Problem details → Omit all pictures. Print the remaining lines exactly, from the start of the data through the line containing "My new friend".

Given information →
◆ ◆ ◆ ◆ ◆ ◆ ◆
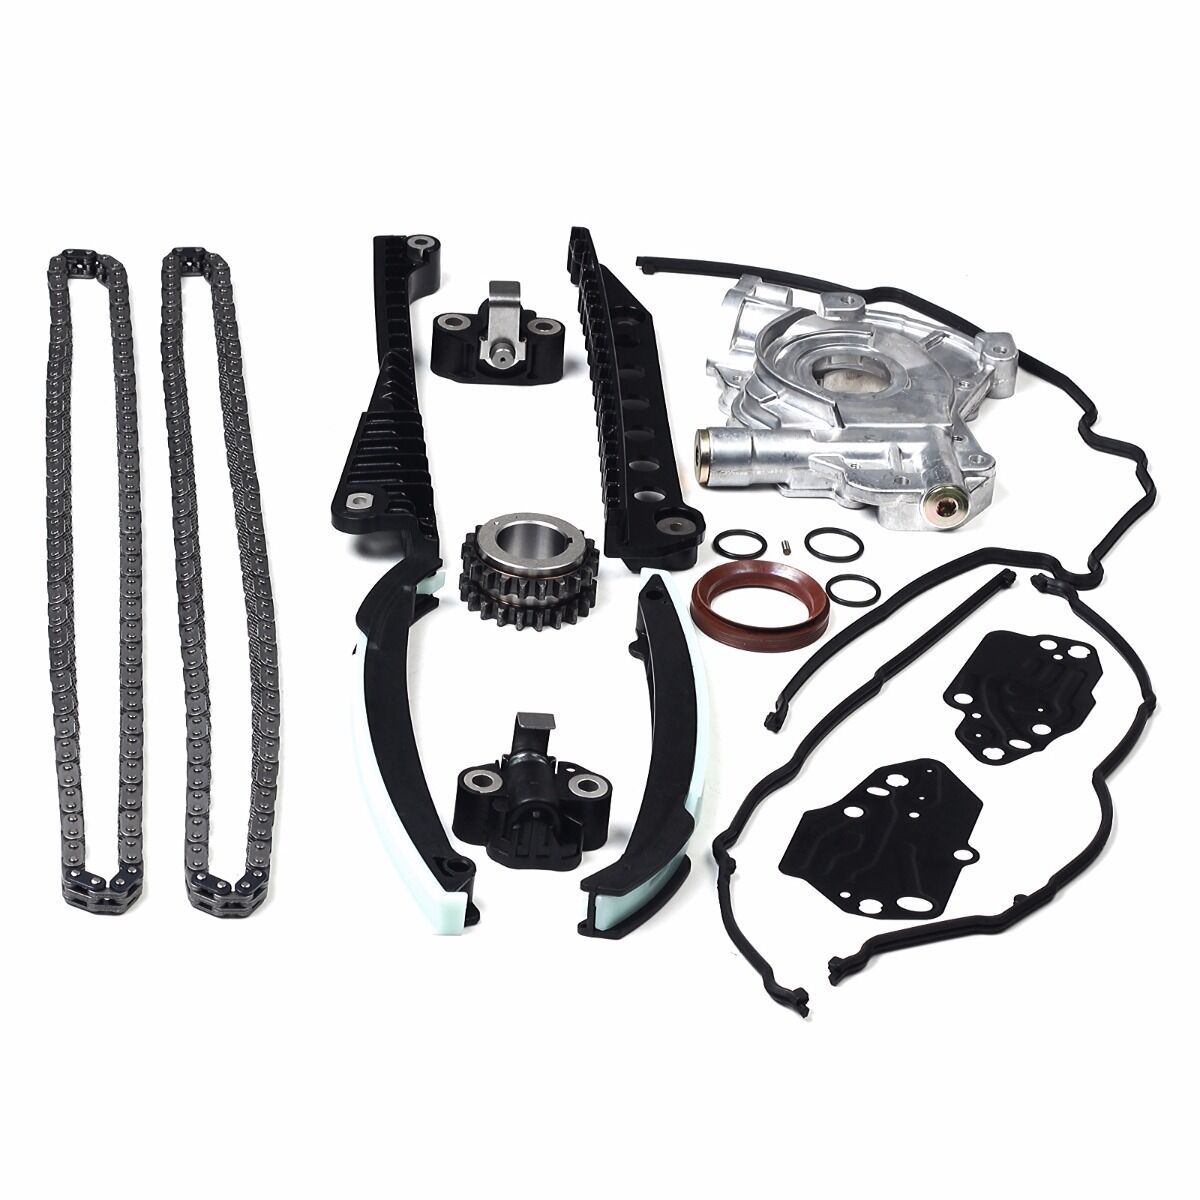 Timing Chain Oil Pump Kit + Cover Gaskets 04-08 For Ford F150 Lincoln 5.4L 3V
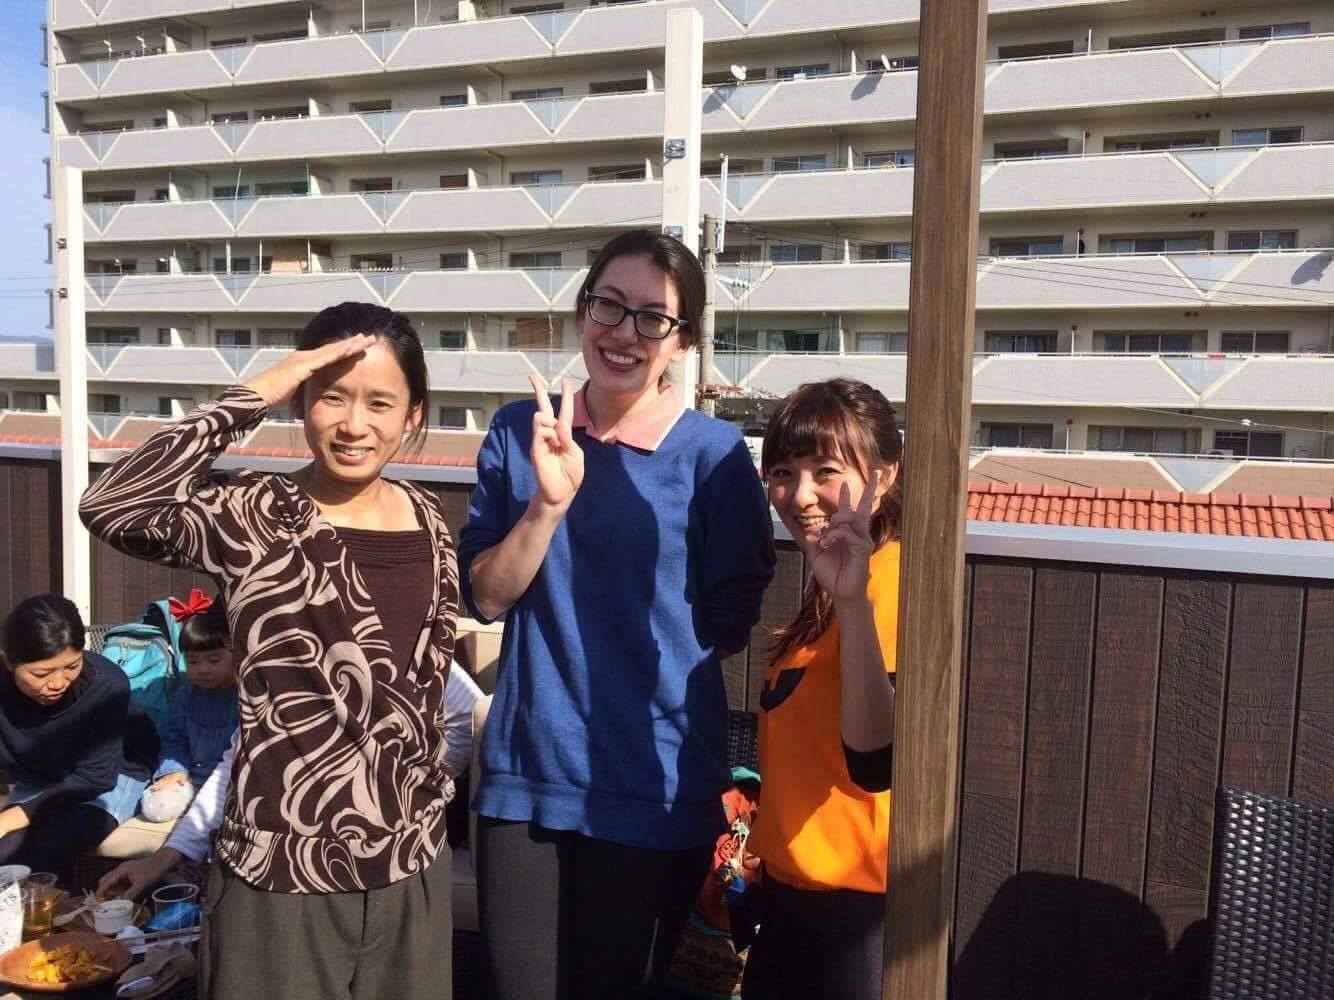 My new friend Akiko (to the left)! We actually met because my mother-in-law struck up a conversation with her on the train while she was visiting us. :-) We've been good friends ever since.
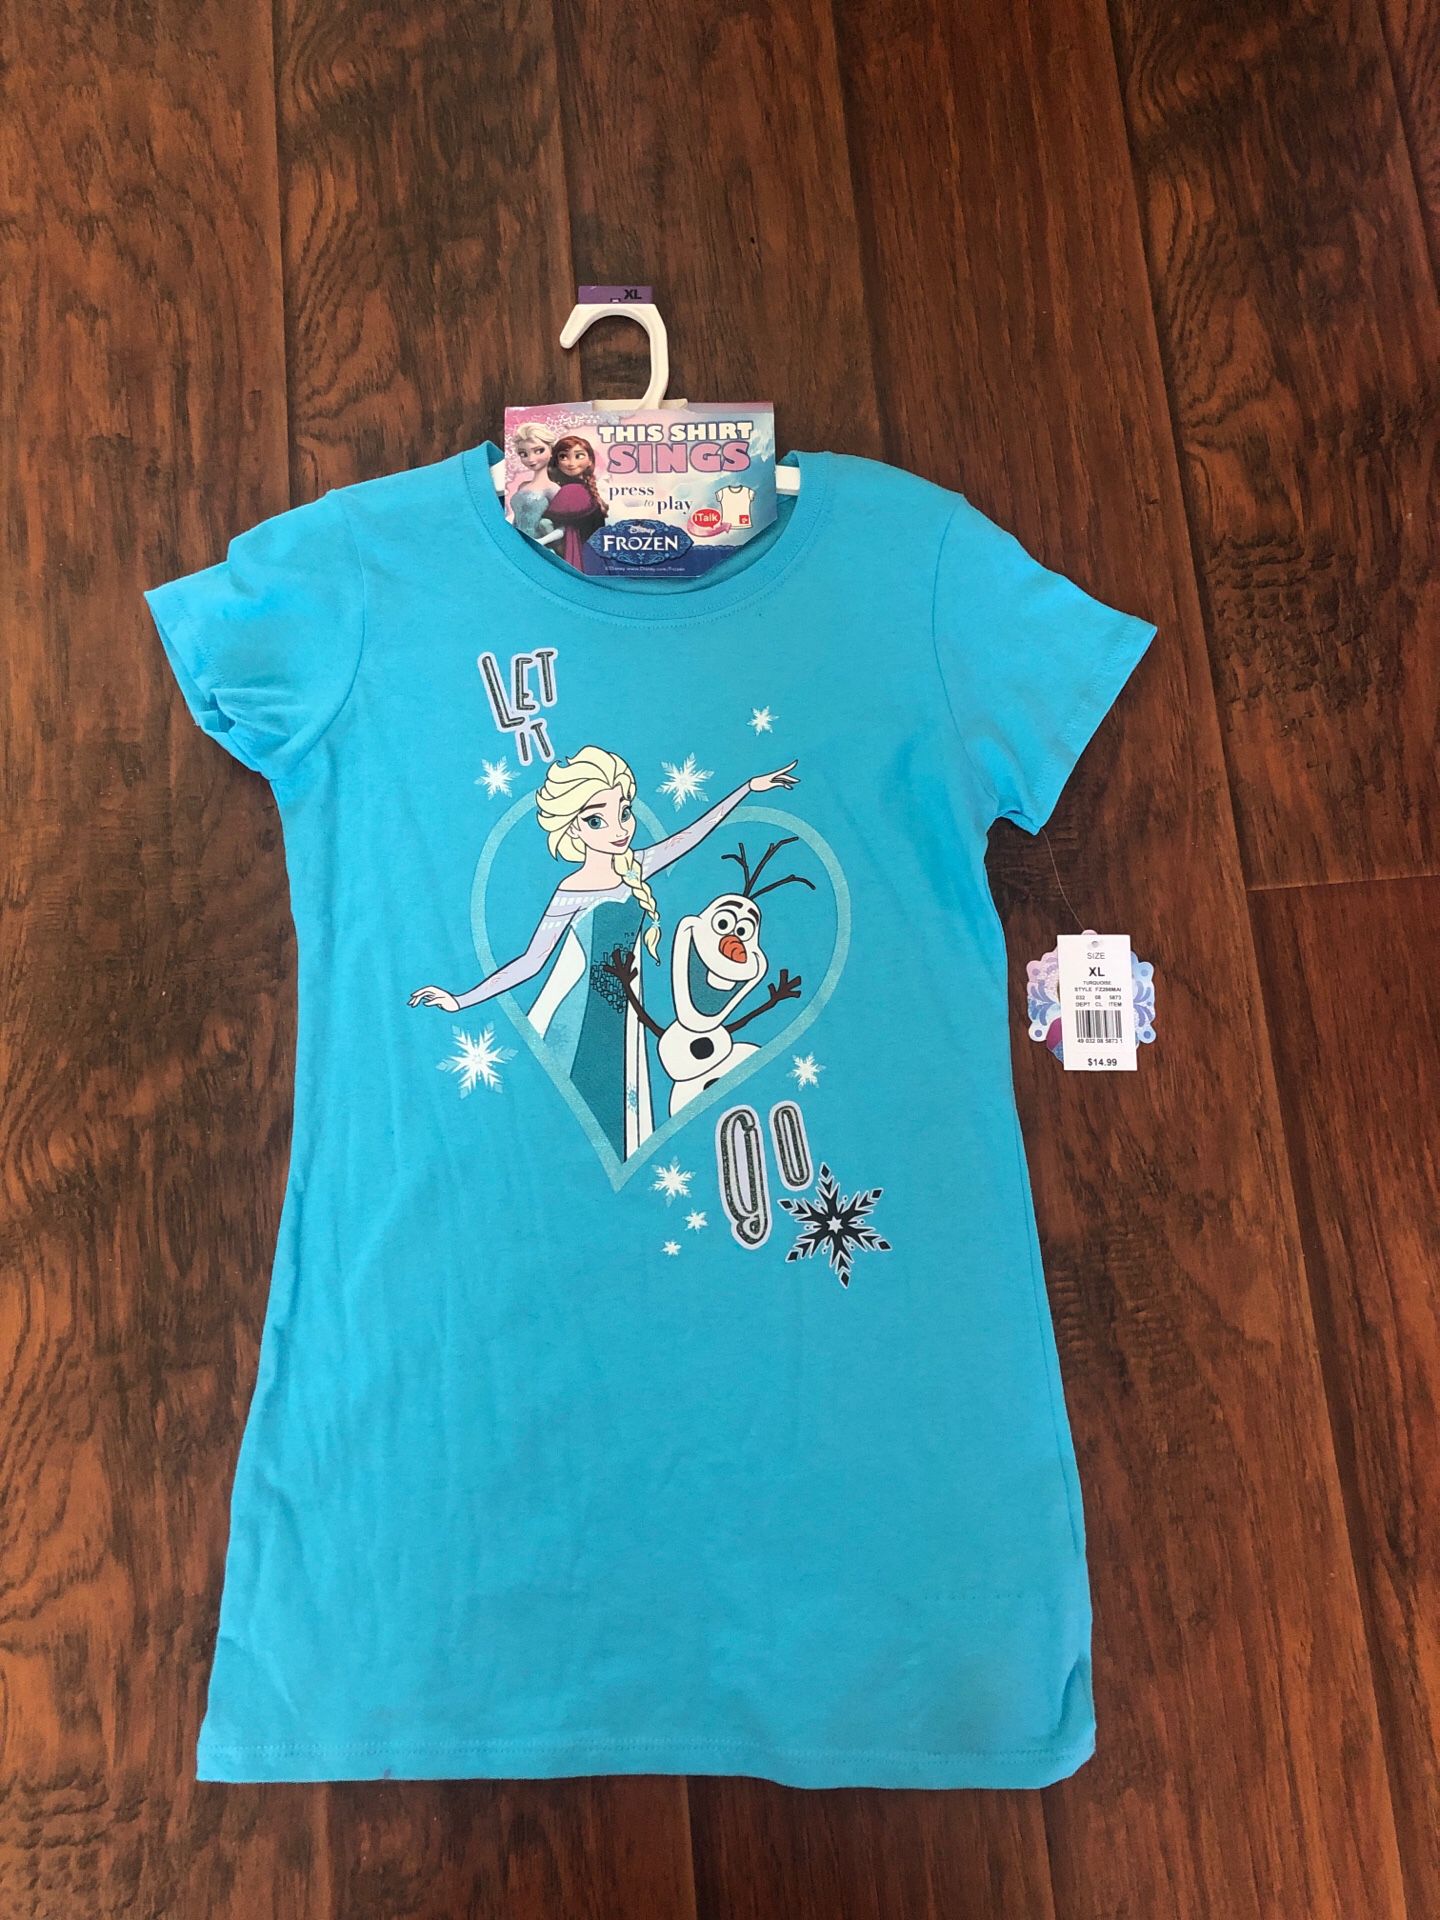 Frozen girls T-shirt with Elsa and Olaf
◆ ◆ ◆ ◆ ◆ ◆ ◆
Task answer →
 Timing Chain Oil Pump Kit + Cover Gaskets 04-08 For Ford F150 Lincoln 5.4L 3V
 My new friend Akiko (to the left)! We actually met because my mother-in-law struck up a conversation with her on the train while she was visiting us. :-) We've been good friends ever since.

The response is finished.